IGI is committed to conducting targeted clinical trials to expedite development timelines in the relapsed/refractory setting following currently approved T-cell directed therapies by prioritizing mechanisms that target resistant myeloma populations and leveraging our scientific expertise.
IGI’s strategy includes building partnerships, securing regulatory support, and scaling manufacturing capabilities to meet anticipated demand as our products advance toward approval and commercialization.
By bringing together Ichnos Sciences Inc., with its extensive proficiencies in biologics, and the small molecule expertise and resources provided by Glenmark Pharmaceuticals Ltd., IGI has created a cutting-edge, clinical-stage pipeline in oncology. The company focuses on both liquid and solid tumors, advancing both next generation multispecifics that can engage multiple targets on the cell surface and small molecules modulating intracellular pathways in cancer or immune cells.
IGI’s three global centers of scientific innovation (USA, Switzerland, and India) synergize the expertise of more than 150 scientists across Ichnos’ biologics expertise and the small molecule resources of Glenmark.
Biologics research is in Switzerland, and small molecules research labs in Mumbai, with a focus on clinical development in the NYC headquarters. This approach will allow IGI to stay competitive in the rapidly expanding market and provide multiple myeloma patients with effective, next-generation treatment options.
What are the most significant challenges IGI faces in bringing novel treatments to market, and how does the company plan to address these while seizing new opportunities in precision oncology?
With IGI’s Protein Engineering, Research, and Process Development teams, the BEAT platform offers a competitive edge as a fully integrated end-to-end biotherapeutic engine. It enables IGI to deliver new IND-ready multispecific antibodies within three years from discovery, both for the company and in-licensing partners.

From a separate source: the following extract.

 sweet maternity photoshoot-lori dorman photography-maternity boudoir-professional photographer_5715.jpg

However, IGI faces several significant challenges in bringing innovative treatments like ISB 2001 to market, including clinical development complexities, competitive pressures, and regulatory hurdles. To address these challenges, IGI is pursuing a multi-faceted approach:
IGI is conducting carefully designed trials focused on high-risk and refractory patients. Conducting clinical trials in India provides IGI with the opportunity to reach a population that is less heavily pretreated while bringing innovative therapies to patients in emerging markets. This approach also allows IGI to leverage Glenmark’s established presence, achieving cost efficiencies in trial operations.

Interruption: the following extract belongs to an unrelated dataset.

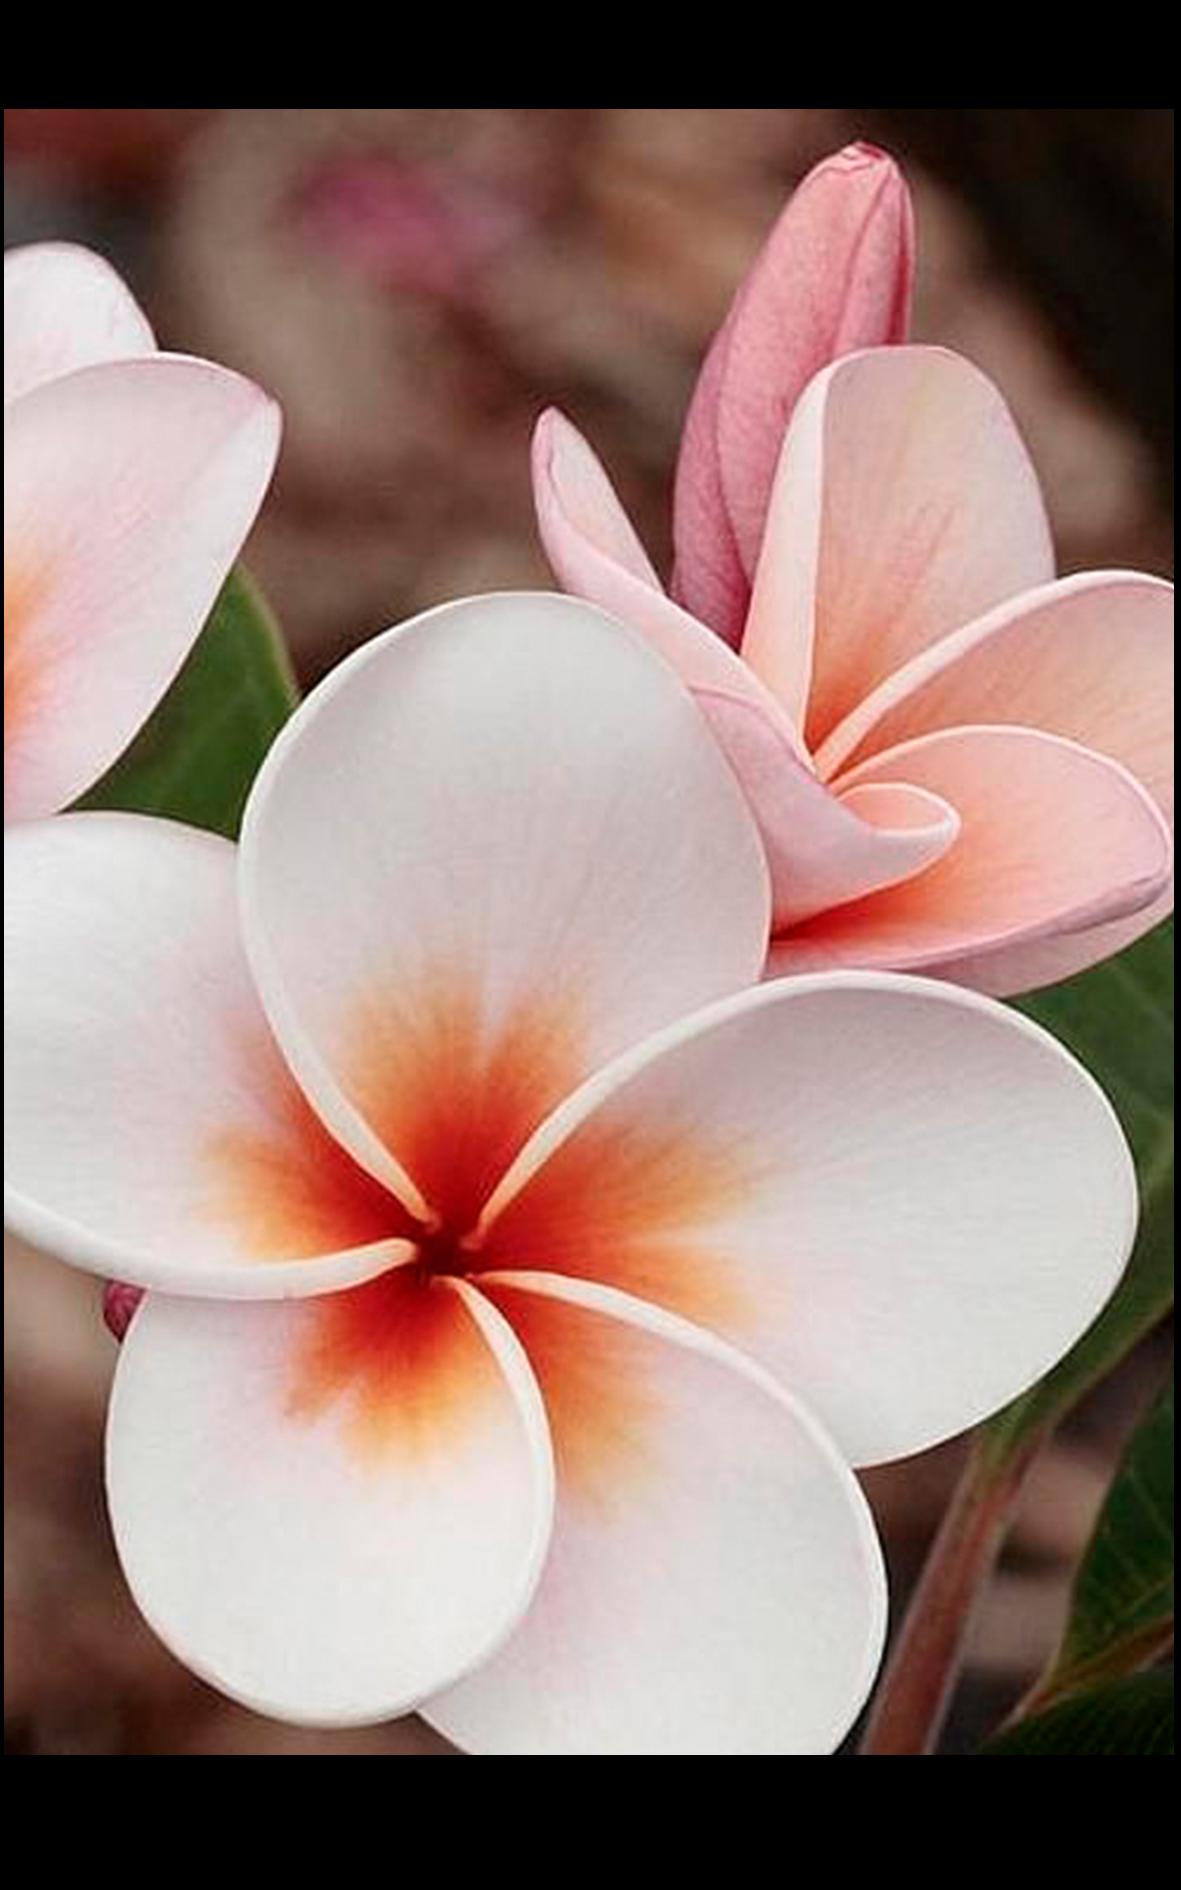 Champa is the national flower of nicaragua and laos champa is the national flower of nicaragua and laos whereflowersbloom izmirmasajfo

IGI is closely collaborating with regulatory authorities to proactively address safety and efficacy requirements. Ongoing data collection allows for adaptive trial protocols as needed. Additionally, IGI plans to engage with health authorities worldwide, leveraging available designations as data allows.
To harness opportunities in precision oncology, IGI is implementing extensive biomarker strategies in clinical trials to gain insights into in vivo mechanisms of efficacy and safety, with the goal of improving treatment precision and patient outcomes.
IGI is actively pursuing partnerships to enhance research capabilities, scale manufacturing, and expedite registration pathways. Collaborations with pharmaceutical companies help IGI broaden its expertise, expand its pipeline, and improve patient access to novel therapies. Specifically, for ISB 2001, IGI is seeking licensing partners to further extend the reach of this promising treatment.
Through these strategies, IGI is positioned to overcome challenges and seize new opportunities in bringing ISB 2001 to market, ensuring that innovative treatments reach patients in need while maintaining a competitive edge.